O gene EGFR codifica o recetor do fator de crescimento epidérmico representando o principal alvo terapêutico em CPNPC. Este receptor encontra-se frequentemente sobre-expresso na maioria dos CPNPC devido à presença de mutações ativadoras que resultam no crescimento do tumor, maior proliferação celular, proteção em relação à apoptose e aumento da capacidade de metastização. A presença de determinadas mutações ativadoras neste gene é preditiva de resposta aos TKIs (gefitinib, erlotinib e afatinib), fármacos que inibem o sinal proliferativo e anti-apoptótico produzido. (123)

No CPNPC, estão descritas diferentes mutações somáticas no domínio quinase do gene EGFR, que abrange os exões 18, 19, 20 e 21 e aumentam a atividade do recetor EGFR. (123,125)

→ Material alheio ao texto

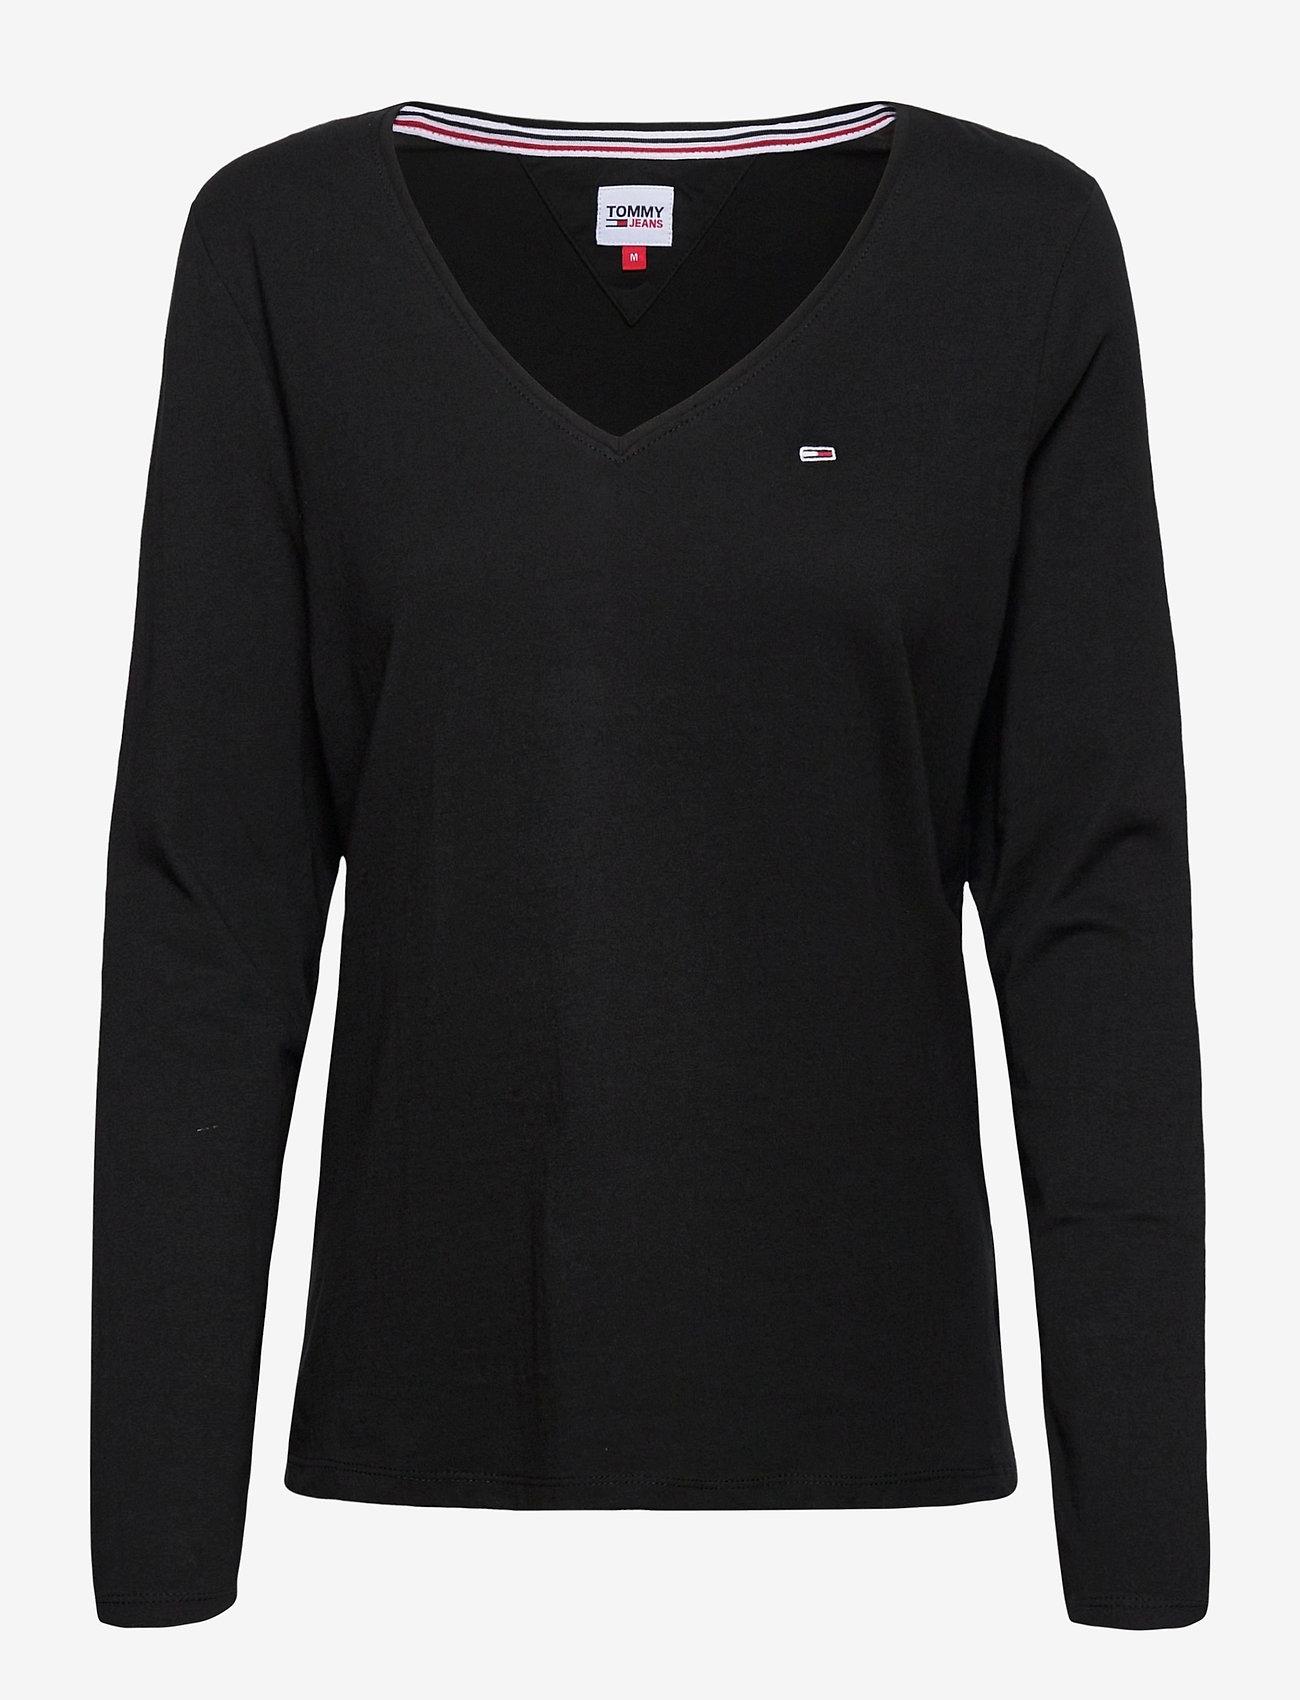 Tommy Jeans - TJW JERSEY V NECK LONGSLEEVE - long-sleeved tops - black - 0

As mutações mais frequentes são deleções no exão 19 e a mutação pontual L858R no exão 21, sendo que a primeira ocorre com uma frequência de aproximadamente 48% em tumores do pulmão mutados no EFGR. A mutação L858R corresponde a uma substituição de uma leucina por uma arginina no codão 858 do EGFR e ocorre com uma frequência de aproximadamente 43% nos tumores do pulmão com EGFR mutado. (123,125)

O codão 861 corresponde a outro hotspot do exão 21, apesar de ocorrer com muito menos frequência (cerca de 2%), em que uma leucina é substituída por glutamina (L861Q). No exão 18, a mutação G719A resulta da substituição de uma glicina por uma alanina (frequência de 2-3%). (125)

No entanto, nem todas as mutações no domínio de tirosina quinase conferem sensibilidade do recetor aos TKIs. Na maioria dos casos, as mutações no exão 20, que incluem inserções, estão associadas com resistência primária a estes fármacos, em particular na presença da mutação T790M, que será descrita mais à frente. (123,125)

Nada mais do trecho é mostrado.